The object's initial temperature is 333.6 K

Explanation:

We first assume that the liquid can only transfer heat to the object through convective heat transfer method.

Let T₀ = the initial temperature of the object

T = temperature of the object at anytime.

The rate of heat transfer from the liquid to the object is given as

Q = -hA (T∞ - T)

T∞ = temperature of the fluid = 400 K

A = Surface area of the object in contact with the liquid = 0.015 m²

h = Convective heat transfer coefficient is given to be = 10 W/(m²K)

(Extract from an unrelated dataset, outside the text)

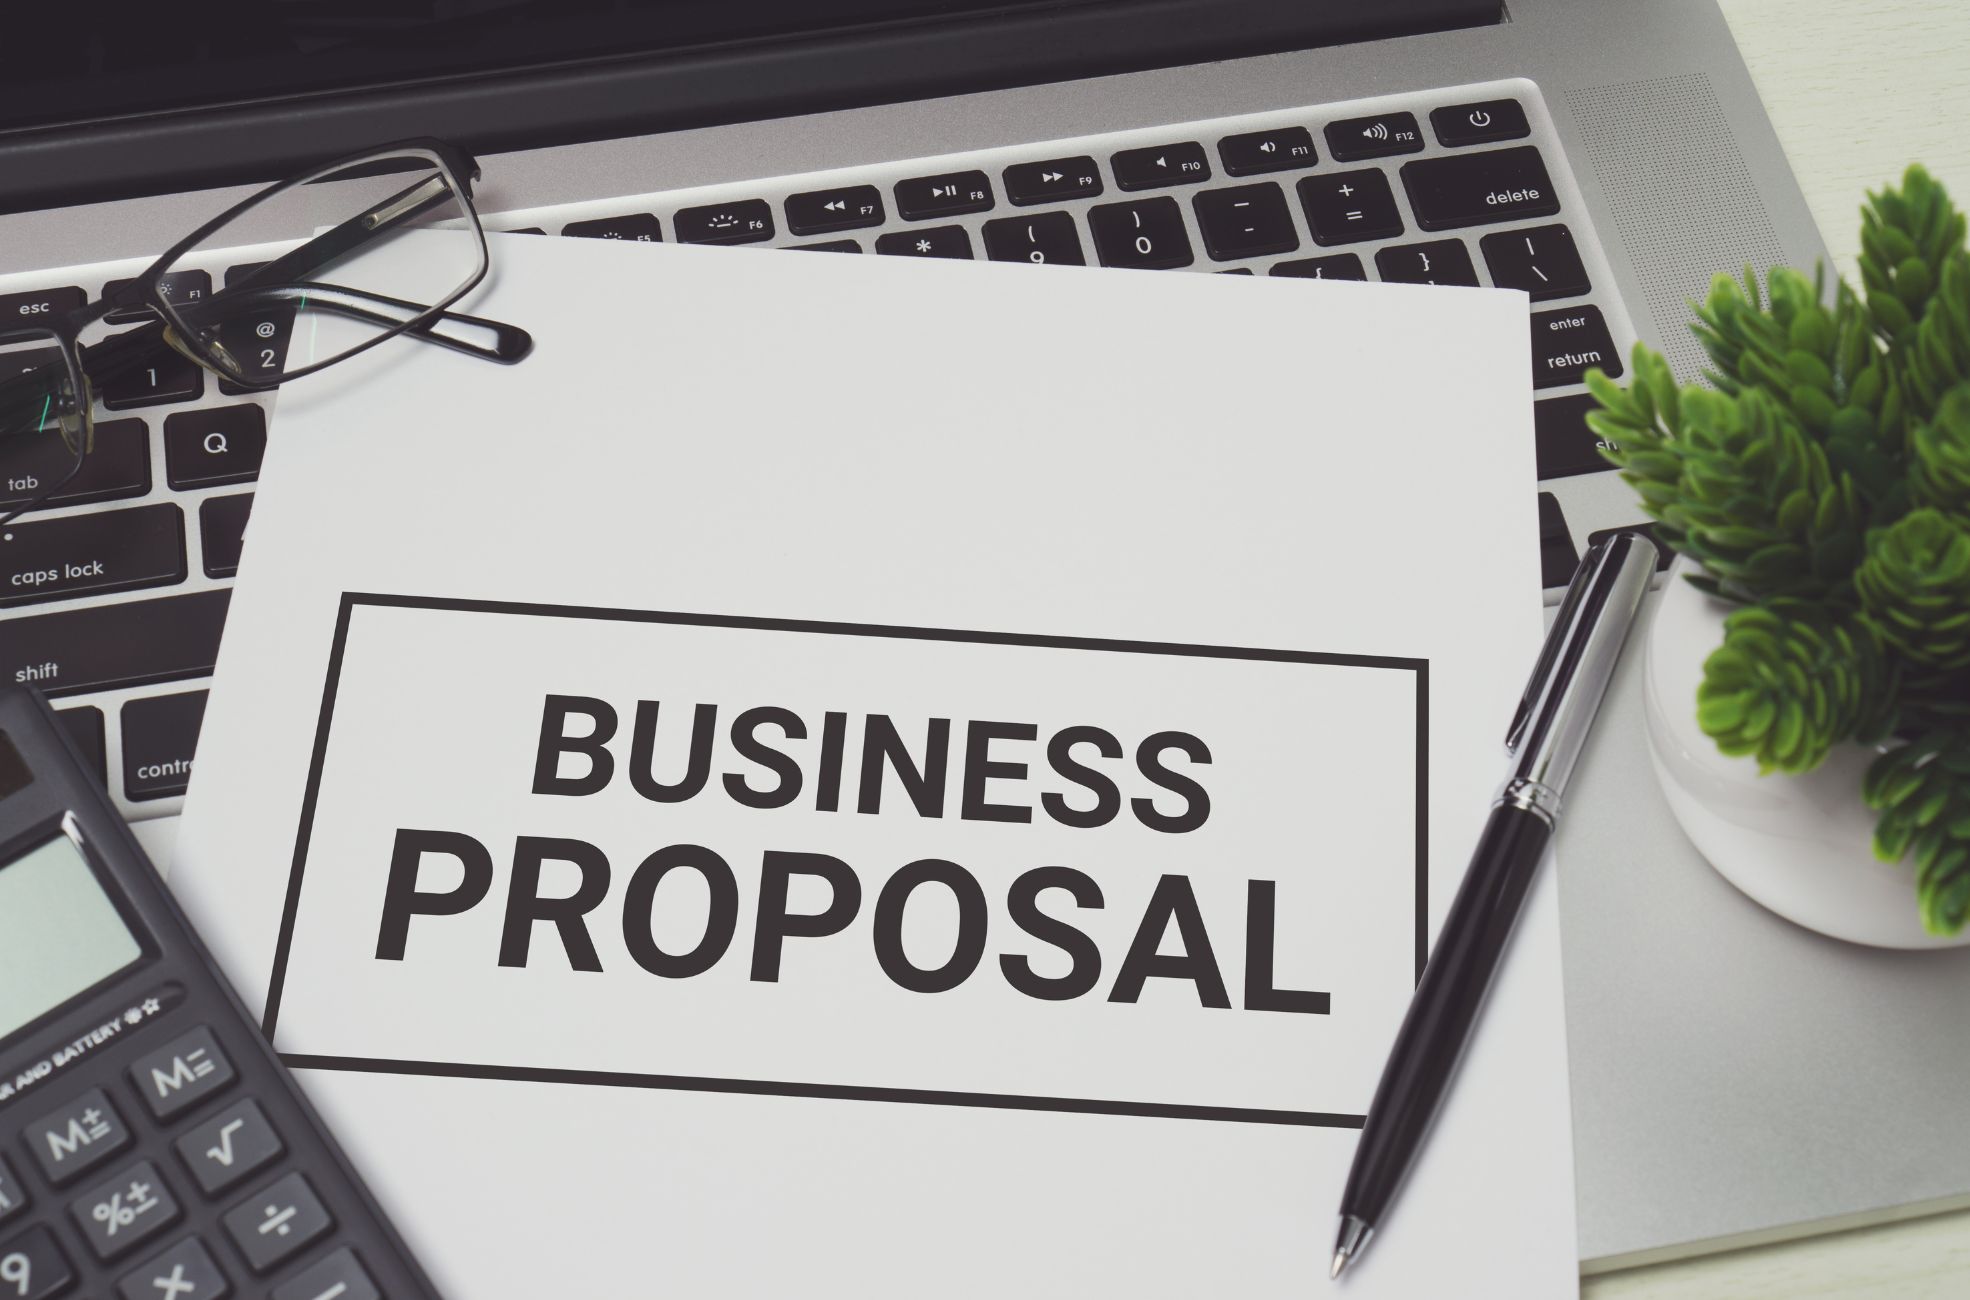 Document Titled Business Proposal On Laptop

The rate of heat gained by the object is given by

mC (d/dt)(T∞ - T)

m = mass of the object = ρV

ρ = density of the object = 100 kg/m³

V = volume of the object = 0.000125 m³

m = ρV = 100 × 0.000125 = 0.0125 kg

C = specific heat capacity of the object = 100 J/(kgK)

The rate of heat loss by the liquid = rate of heat gain by the object

-hA (T∞ - T) = mC (d/dt)(T∞ - T)

(d/dt)(T∞ - T) = - (dT/dt) ( Since T∞ is a constant)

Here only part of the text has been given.